> **THE PROBLEM**:
In the listing below, print exactly the lines between the line holding "OPHELIA-(1) Bianco-Evento-bridal-dress-studioagnes" and the line holding "1990 ford e", inclusive, and no more.

> **LISTED RECORDS**:
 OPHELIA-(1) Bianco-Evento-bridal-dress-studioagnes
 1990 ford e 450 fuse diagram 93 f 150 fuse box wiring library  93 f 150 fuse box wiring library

...

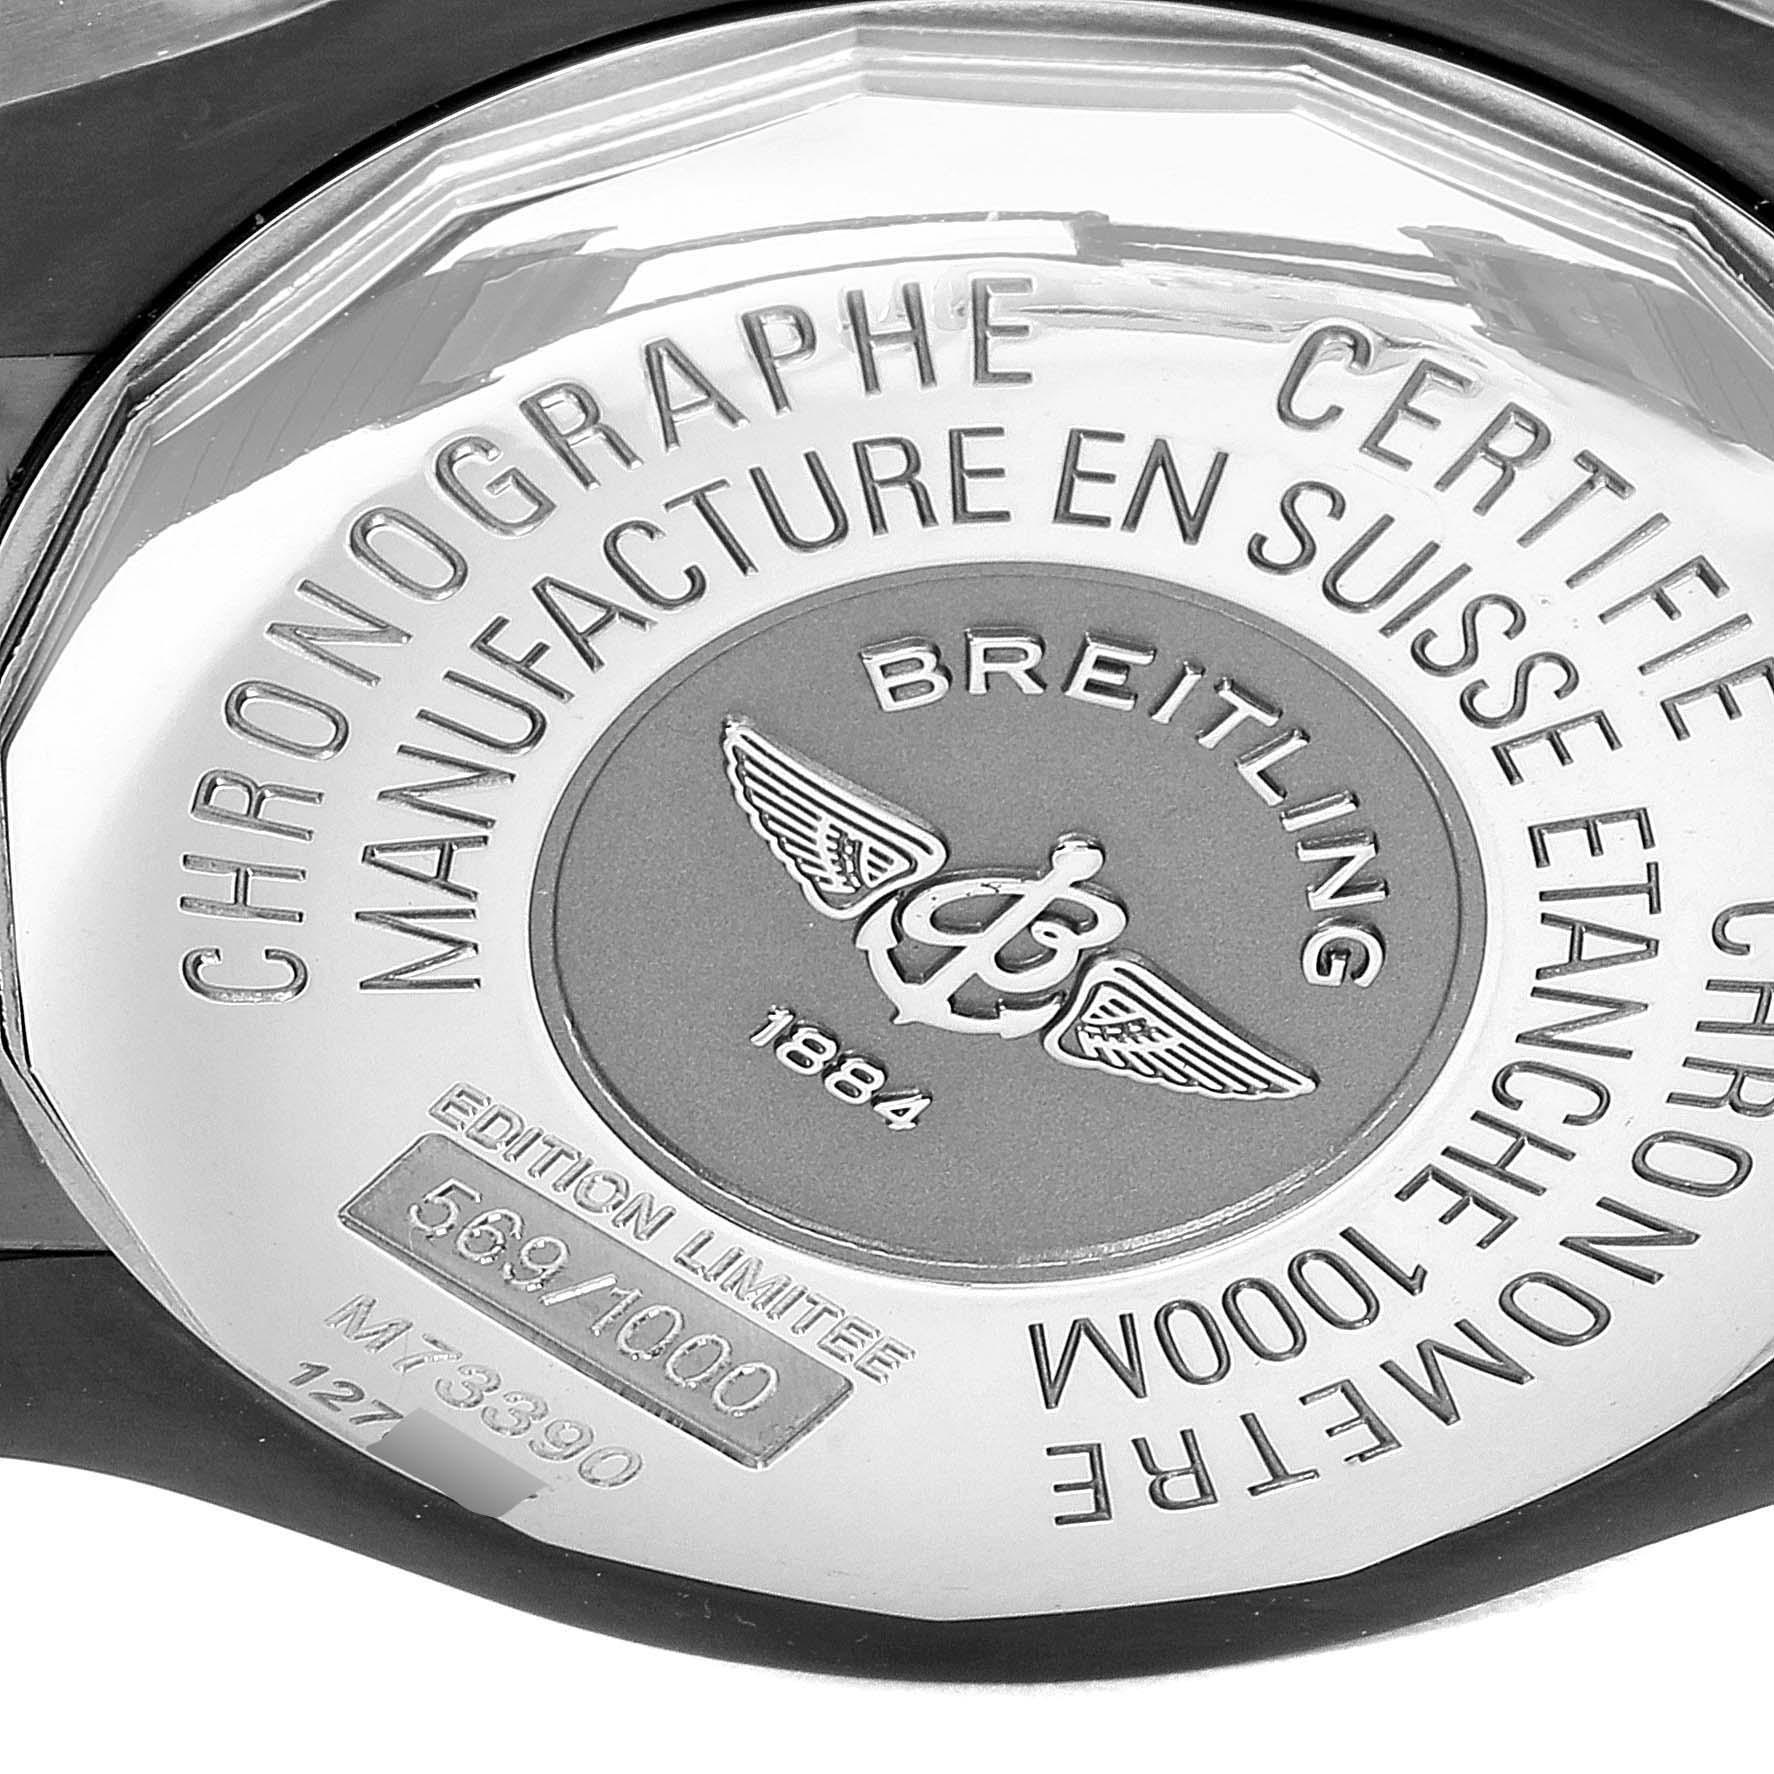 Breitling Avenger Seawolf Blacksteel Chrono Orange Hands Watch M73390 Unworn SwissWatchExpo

> **ANSWER**:
 OPHELIA-(1) Bianco-Evento-bridal-dress-studioagnes
 1990 ford e 450 fuse diagram 93 f 150 fuse box wiring library  93 f 150 fuse box wiring library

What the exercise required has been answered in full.